Коста, поставив винтовку между колен, прижавшись щекой к ствольной накладке, с плотно закрытыми глазами и окаменевшим в дремоте бледным лицом, казался покойником, так внезапно настиг его сон.
Лица Силова не было видно. Но замысловатые витки его усов пошевеливались, точно колышемые ветерком колосья. Уронив голову на руки, Егор дышал глубоко и ровно.
– Ложись и ты, Корнев, нет другого выхода, раз на третьи сутки дело пошло… – решительно сказал Шмелев. – Уж когда и ты свалишься, так тебя нести некому будет. Ложись, говорю… Полусонными нам из кольца не выйти.
Иван, еще на ногах засыпая, оглядел стволы вокруг – деревья стояли насуплено, тихо, – безнадежно махнул рукой и повалился в мох рядом с Егором…
3
Это не было сном, это не было, пожалуй, и бредом. Просто весь видимый мир покачнулся и стал путаться и расползаться на разрозненные клочья, в которых даже деревья росли вершинами книзу и кусты были огненно-красные, как близкий взрыв гранаты.
Когда человек потерял столько крови, место ему не в строю и не в полевом карауле, а в медсанбате, но до первого санитара на своей стороне еще лежал фронт, который, судя по многим признакам, катастрофически откатывался на восток и который во что бы то ни стало следовало перейти, переползти, хотя бы на локтях и опухших коленках.
Шмелев, сидя спиной к кривобокой сосне, стиснув в слабеющих пальцах винтовку, с широко открытыми глазами проваливался в какую-то бездонную яму, доверху наполненную обрывками бредовых воспоминаний и картин давно пережитого.
…Якорная площадь, круглая и гладкая, как блюдо, гудит под кованой поступью роты. Бронзовый кораблик покачивается в нише над папертью Морского Николы.
– Четвертый урок сокольской гимнастики с оружием! – звонким голосом выкрикивает командир третьей роты мичман барон Остен-Граббе.– Под барбан! Делай… ать!
Барабанщик закаменел рядом с ротным, против правого фланга.
Дело перед монаршим смотром.
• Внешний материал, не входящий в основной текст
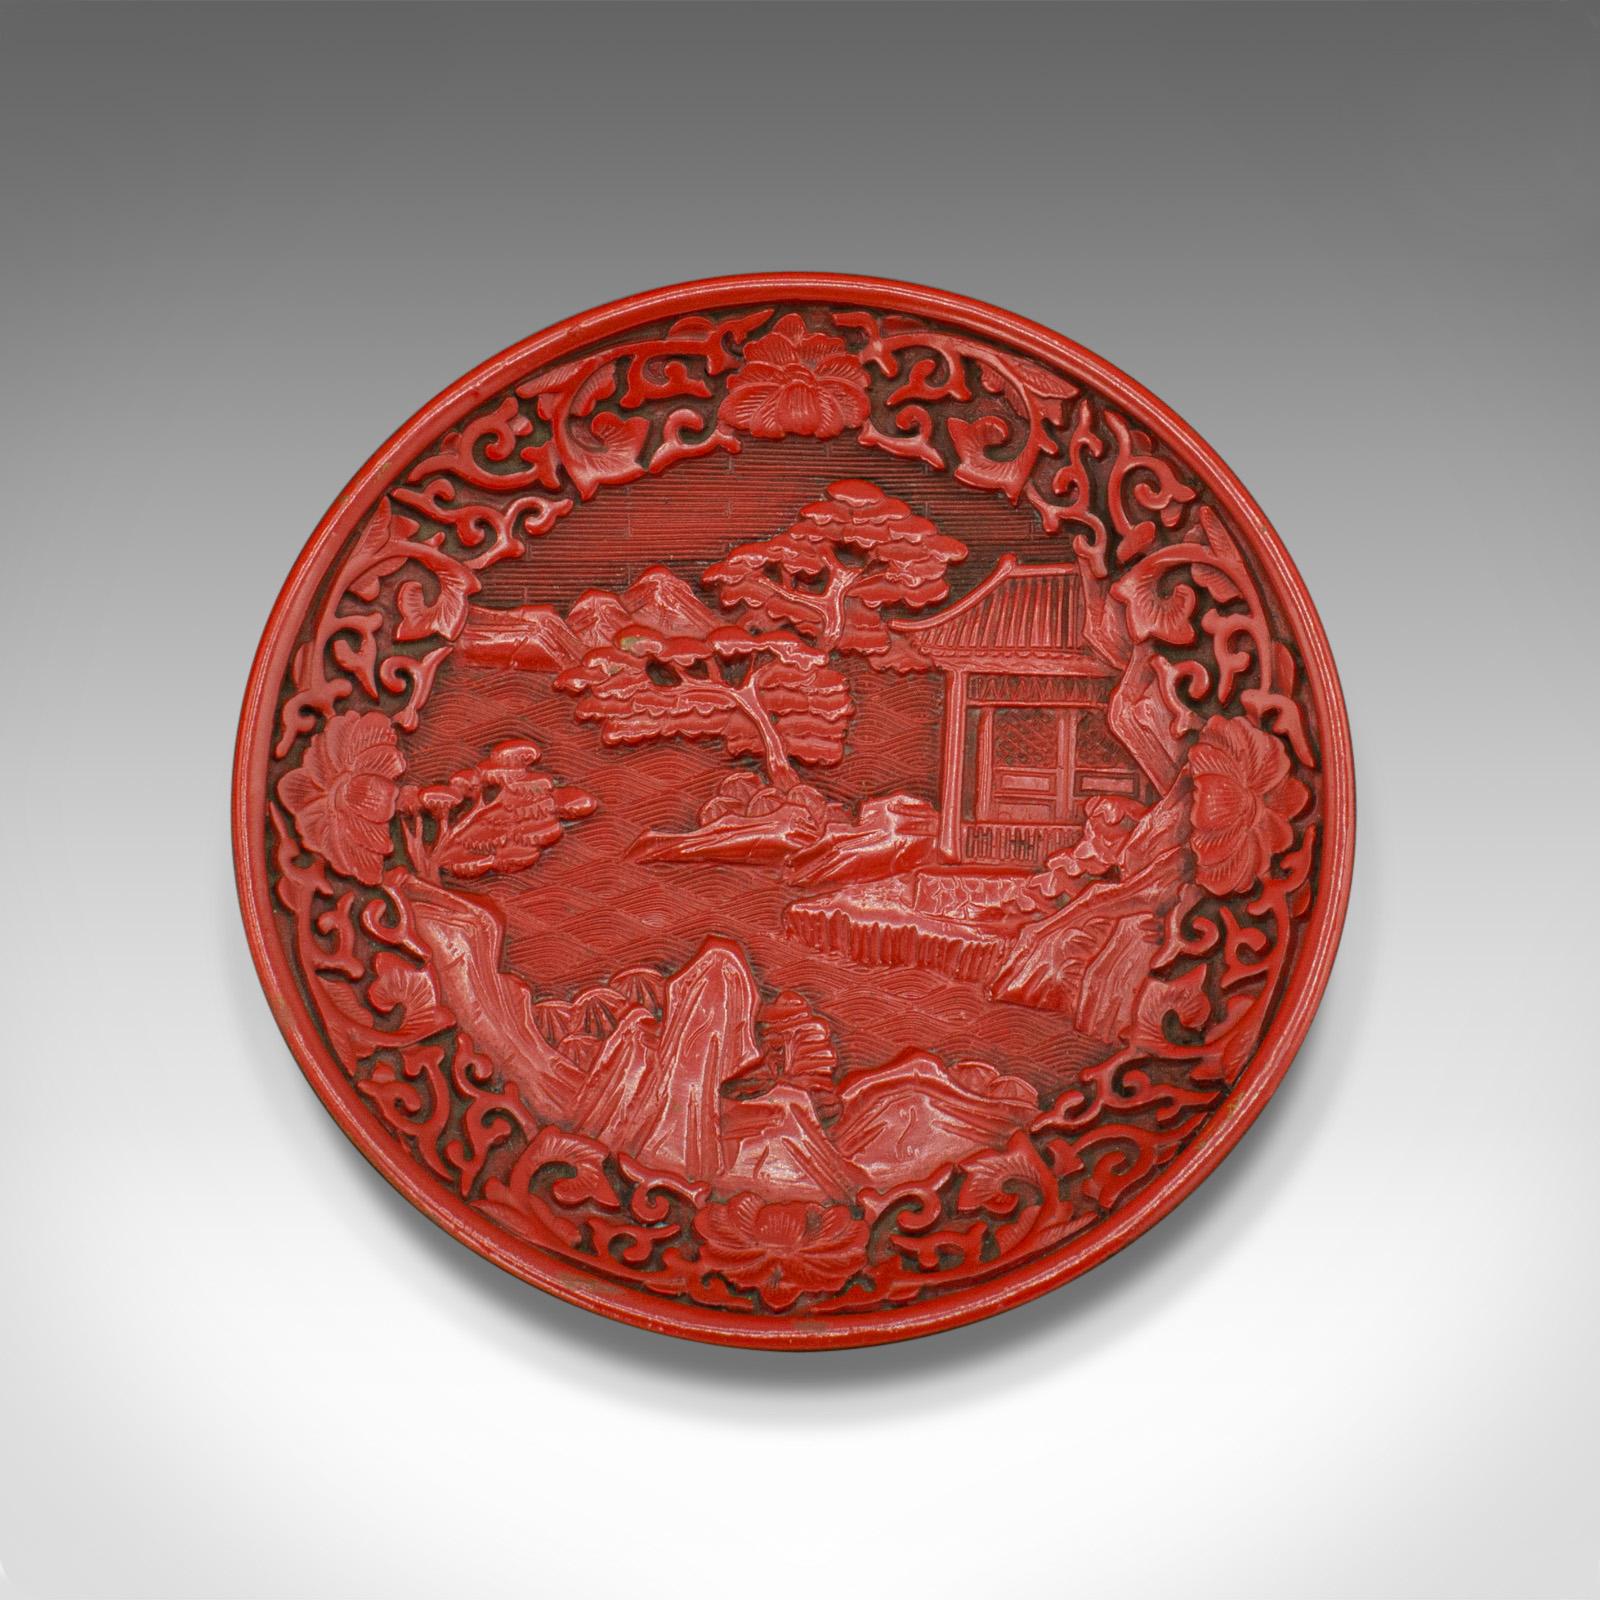 Small Antique Decorative Cinnabar Dish, Chinese, Display Plate, Qing, Victorian In Good Condition For Sale In Hele, Devon, GB

Адмирал Стронский хочет похвалиться своими юнгами. Руки барабанщика почти до самых плеч неподвижны – беснуются одни кисти, за точеными палочками невозможно уследить. Ох, не сбиться бы с такта.
Но механизм роты собран с часовой точностью. К концу второго месяца обучения у всех двухсотпятидесяти человек – одна пара глаз, одна пара рук, одно огромное, как турбина корабля, в такт точеным палочкам стучащее сердце точно от толчка под локоть, Шмелев открывает глаза – пригрезится же такое – почти тридцатилетней давности.
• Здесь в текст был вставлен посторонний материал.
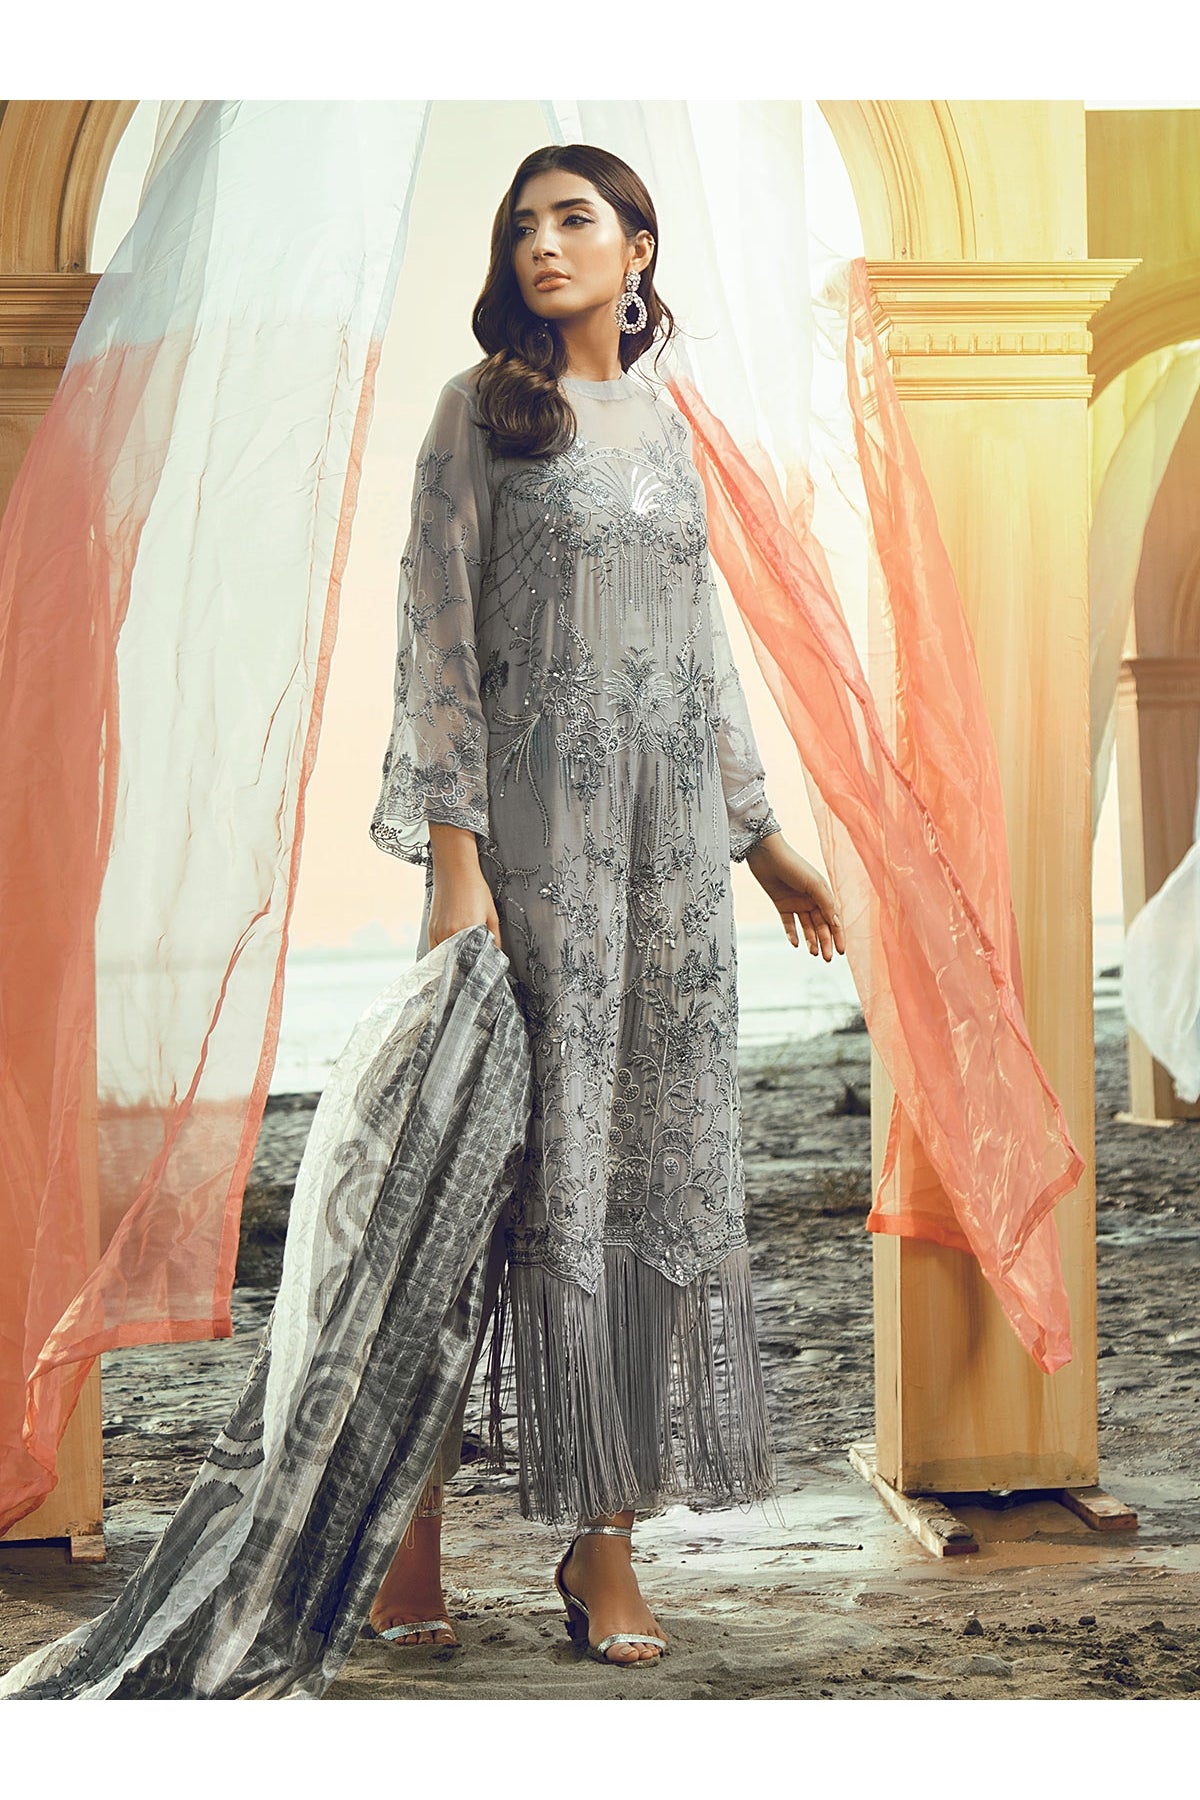 Symphony 01 (Rajbari - Luxia Formal Collection)

Он пробует приподняться на локте, ничего не выходит: разбитая голова лежит чугунным ядром, все тело гудит от боли, изломанное ранением и долгим лесным переходом.
Даже не сразу и поймешь, что же, собственно, приснилось: якорная ли площадь или вон то пушистое, рябое и мягкое, как изнанка голубиного крыла, облачко над глухим лесом? Положим, какой же к черту девятьсот пятнадцатый год, когда уже сорок первый? Сон отстал на целых две войны, и Остен-Граббе убит матросами в марте семнадцатого года.
Колдовская белая ночь во все небо разлилась над лесной опушкой, а дальние сосны тонко и старательно подрисованы тушью на желтых шелках заката. Уж не восход ли это?
Решить Шмелев не успевает. Шаги, треск валежника, приглушенный разговор раздаются совсем рядом. И уже не только сознание, а кровь, сердце, каждый дюйм кожи подсказывает: враги, сожмись в кулак!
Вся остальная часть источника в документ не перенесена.